The nuclear accord with Iran required a difficult series of compromises for world powers and Tehran.
For President Barack Obama, it meant climbing down from demands that Tehran halt almost all of its enrichment of potential bomb-making material and shutter an underground facility possibly impervious to an air attack. It also meant dropping pledges to secure “anytime, anywhere” inspections and Iran’s complete answering of questions related to past weapons work.
But Iran’s supreme leader was forced to retreat on some key issues, too. Relief from crippling economic sanctions won’t come on Day 1, as he long clamored for, and his country will have to open up military sites to international inspectors at some point if the Islamic Republic is going to fulfill its commitments. Iran also will have to adhere to multiyear restrictions on enrichment and nuclear research and development that Ayatollah Khamenei and other leaders once opposed.
A look at how Iran and world powers found middle ground on some of the agreement’s most contentious elements:
Early in Obama’s presidency, U.S. officials began backtracking from the long-standing U.S. position that Iran must cease all enrichment of uranium, which can be used for peaceful purposes or transformed into the stuff of nuclear warheads. But Washington wasn’t ready to accept more than several hundred centrifuges spinning under tight controls.
The idea went nowhere with Khamenei or Mahmoud Ahmadinejad, Iran’s hardline president at the time. Even after the relative moderate Hassan Rouhani became president, Iranian officials still spoke about ramping up from some 20,000 centrifuges to some 190,000 of the machines.
Both sides compromised with a decade-long cap of 6,104 centrifuges, and a little more than 5,000 that can enrich uranium. The Americans said that level would leave Iran far enough away from bomb-making capacity; the Iranians emphasized that their infrastructure remained in place.
When Iran’s secret nuclear installation at Fordo came to light in 2009, the U.S. and its European allies demanded its closure. Not only was it hidden from the world community, the site was so deep underground it was potentially bombproof. Iran said it would never scale back efforts there.

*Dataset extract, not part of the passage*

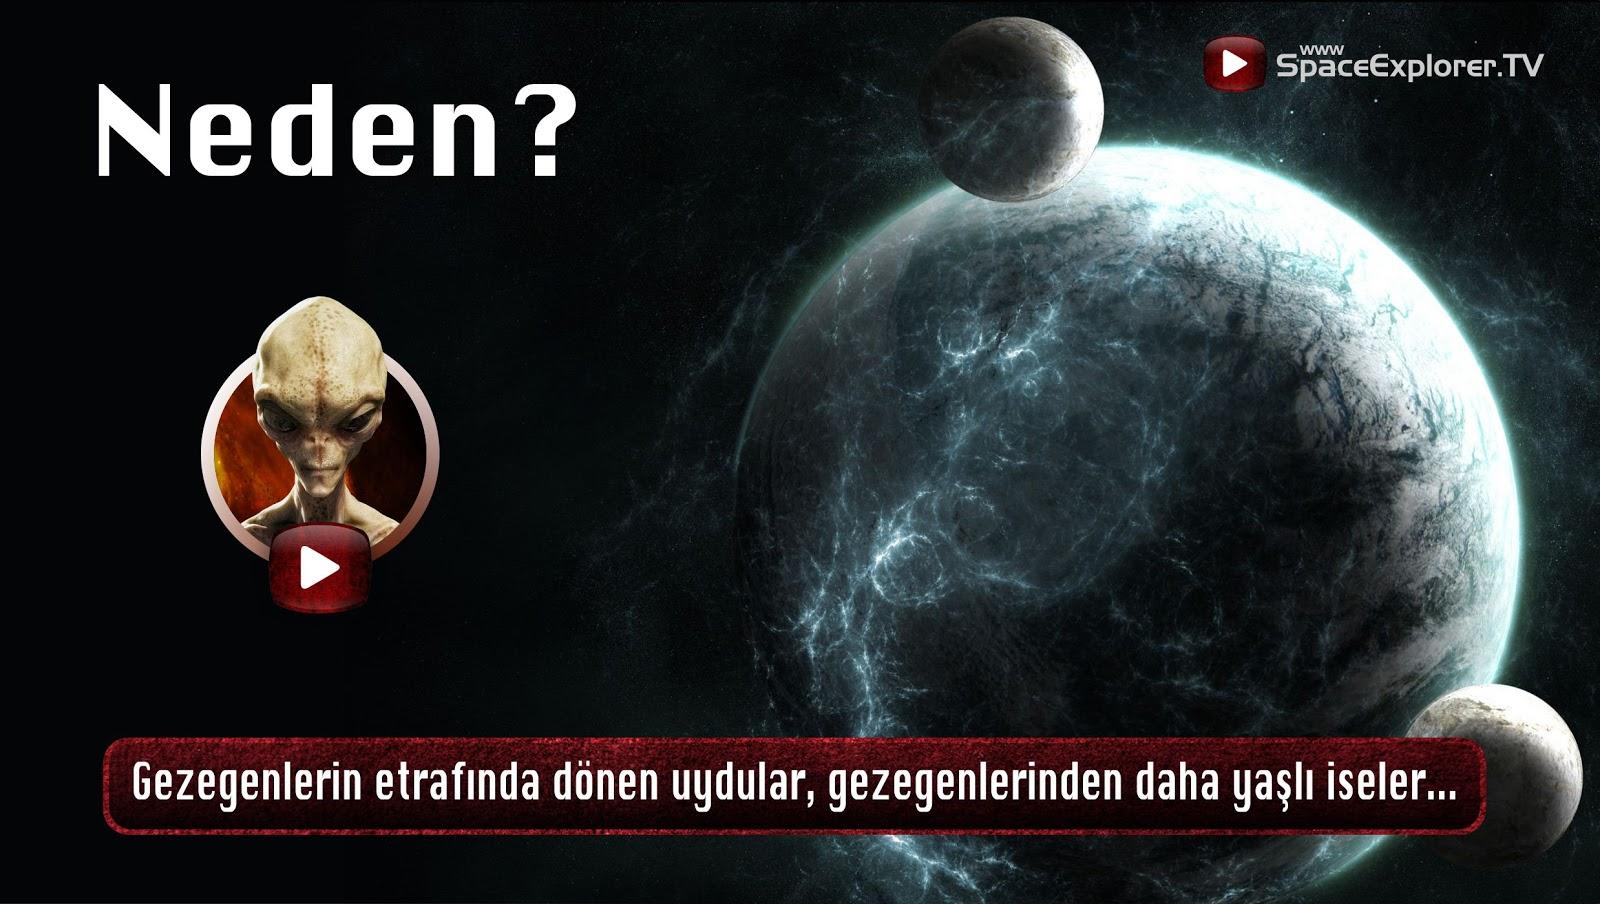 Evren, Kainat, Güneş sistemi, Güneş sistemleri, Doğal uydular, Merkür, Venüs, Dünya, Mars, Ceres, Jüpiter, Satürn, Mehmet Fahri Sertkaya,

The two sides found a solution earlier this year, making it a research institute while allowing the Iranians to continue developing their technological expertise. While Iran can continue running centrifuges at the facility, they have to use gases other than uranium for 15 years.
In a dispute that continued right up to the day of the deal, both Tehran and the West made inspections promises that proved tough to keep. Obama and his aides issued several pledges in recent months about securing the most stringent inspections regime in history, including the ability of U.N. nuclear agency monitors to visit sites wherever and whenever they choose.
Khamenei’s response was one of defiance. In fiery speeches to his nation, he insisted he would never open up Iranian military sites to inspectors or allow Iranian nuclear scientists to be interviewed.
The final deal falls in between. International Atomic Energy Agency experts can ask to see military installations of interest and Iran can make counterproposals. But if the experts accept no alternatives, an arbitration panel would decide what access is appropriate. And the U.S. and its European partners can get what they want as the majority of that panel’s membership.
PAST WEAPONS WORK
When world powers and Iran reached an interim nuclear pact in November 2013, the United States laid out its position concerning the IAEA’s long-stymied investigation of past Iranian atomic weapons work. The final agreement, it said in a statement, “would include resolution of questions concerning the possible military dimension of Iran’s nuclear program.”
But instead of resolving the matter over the next 20 months, the nuclear agency struggled to get any answers from Tehran. The Iranians insisted that any evidence of wrongdoing was the fraudulent work of U.S. and Israeli intelligence agencies.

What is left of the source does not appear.